American lawyer and lay leader (1872–1928)

William Henry Van Benschoten (January 15, 1872 – August 11, 1928) was an American lawyer and lay leader in the Methodist Episcopal Church. Van Benschoten served as co-counsel with Bowers & Sands for former president Theodore Roosevelt in the 1910s during his two prominent successful libel suits. As a civic leader, he chaired a commission that recommended modernizing the freight transportation system of New York City.

== Life and career ==
Van Benschoten was born in Addison, New York, the third child and only son of Henry R. and Mary Ann Van Benschoten. Belonging to old Dutch stock, Henry was a Methodist Episcopalian pastor active in upstate New York for fifty years. Mary was educated at the Methodist Genesee Wesleyan Seminary, which would become Syracuse University, and in middle age was a temperance activist.
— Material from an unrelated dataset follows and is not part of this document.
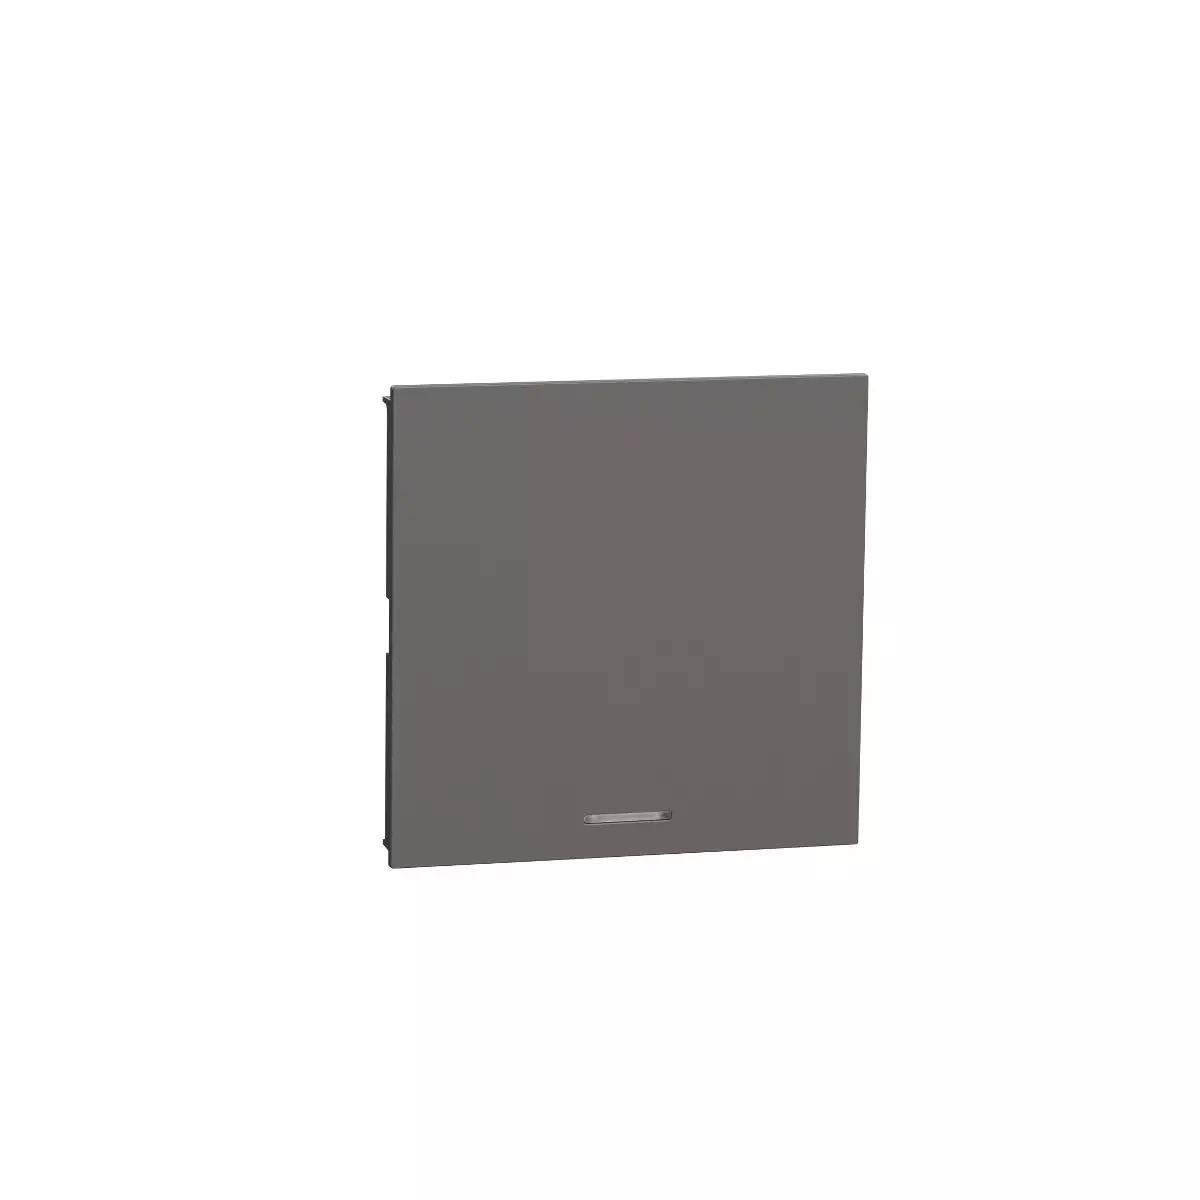 Switch, Avataron A, 16AX 250V, 1 Way with Fluorescent E sized, Black

Henry retired from the ministry and settled in Newark, New York. From there, William entered Syracuse University, studying liberal arts. He edited the yearbook and was a member of Beta Theta Pi (1894). Van Benschoten was also actively involved in YMCA organization, serving as a delegate at its 1893 Saratoga conference. Van Benschoten graduated AB from Syracuse University in 1894 and the following year graduated LLB at Albany Law School. He returned to get a Master of Arts from Syracuse in 1897 and would later serve as the University's trustee.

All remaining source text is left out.